Oudercommissie De houder heeft een oudercommissie ingesteld, waarin drie leden zitting hebben. Het reglement voor de oudercommissie is door de houder vastgesteld op 14 januari 2014. De houder heeft in het afgelopen jaar het veiligheids- en gezondheidsbeleid, het prijsbeleid en het pedagogisch beleid gewijzigd. Alle voorgenomen (beleids)wijzigingen zijn ter advies aan de oudercommissie voorgelegd. Tevens heeft de leidinggevende advies gevraagd over het uitzenden van geluid als er cameratoezicht wordt gehouden, in verband met het vierogenprincipe.

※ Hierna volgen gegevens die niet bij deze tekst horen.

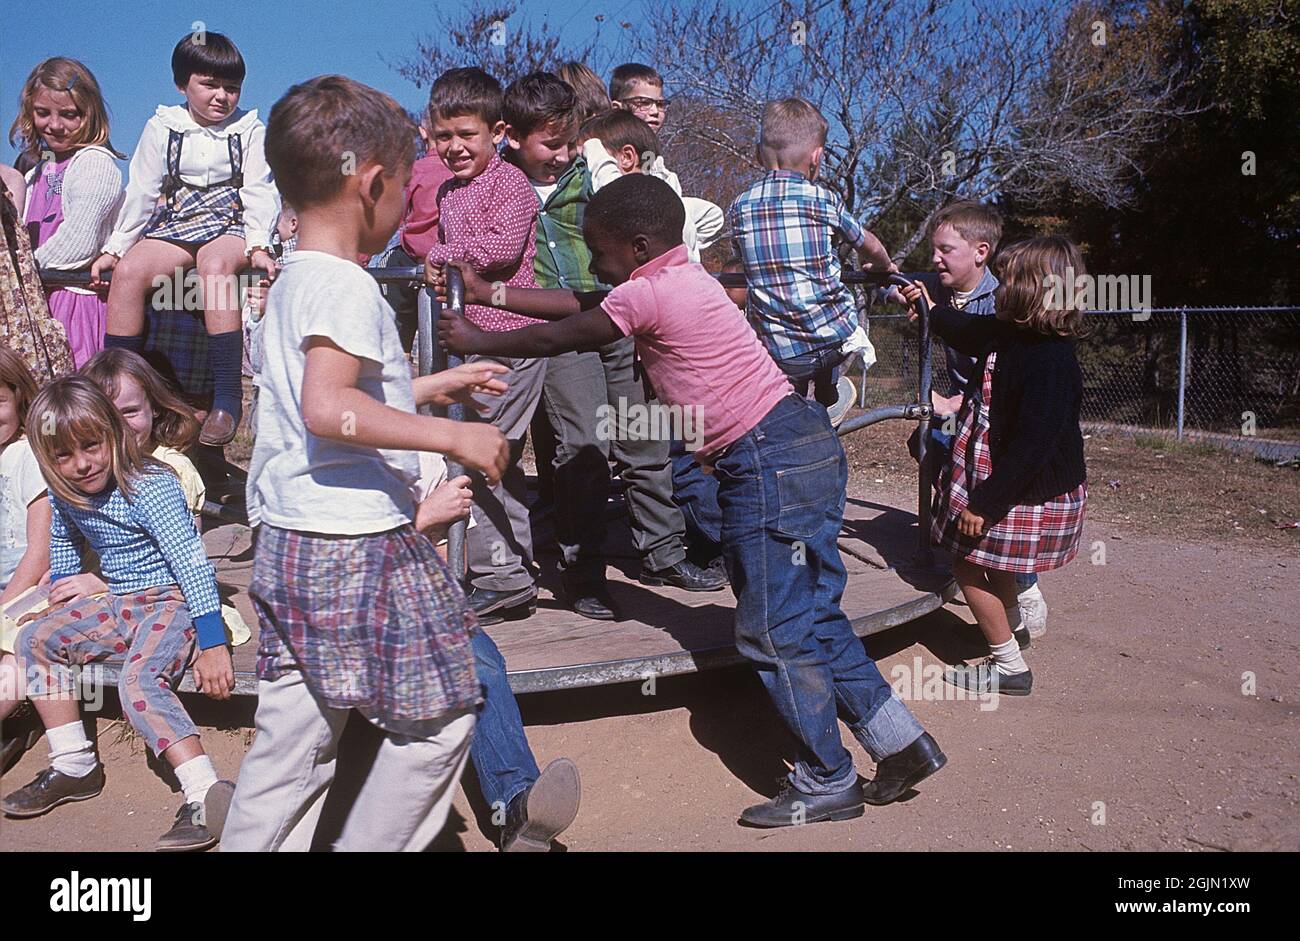 USA Alabama 1966. Scena da un parco giochi locale dove i bambini giocano insieme. Davanti ad un ragazzo colorato, il resto dei bambini sono bianchi. Kodachrome vetrino originale. Credit Roland Palm Ref 6-6-5 Foto Stock

Klachten De houder heeft een klachtenregeling voor zowel ouders als de oudercommissie vastgesteld. Deze regeling is te vinden in het pedagogisch beleidsplan en in het document 'Klachtenbeleid Bartele' dat op de website van de organisatie is geplaatst. De klachtenregeling bestaat uit een interne regeling waarbij de leidinggevende de functie van de klachtencoördinator bekleedt. Er is een externe klachtenregeling, waarbij de houder is aangesloten bij een onafhankelijke klachtencommissie, namelijk de ZcKK. De regeling geeft duidelijk weer dat een ouder zich te allen tijde tot de onafhankelijke klachtencommissie kan richten, zonder eerst de interne regeling te volgen. De houder heeft het openbare jaarverslag van zowel ouders als de oudercommissie op 30 mei 2014 verstuurd naar de GGD.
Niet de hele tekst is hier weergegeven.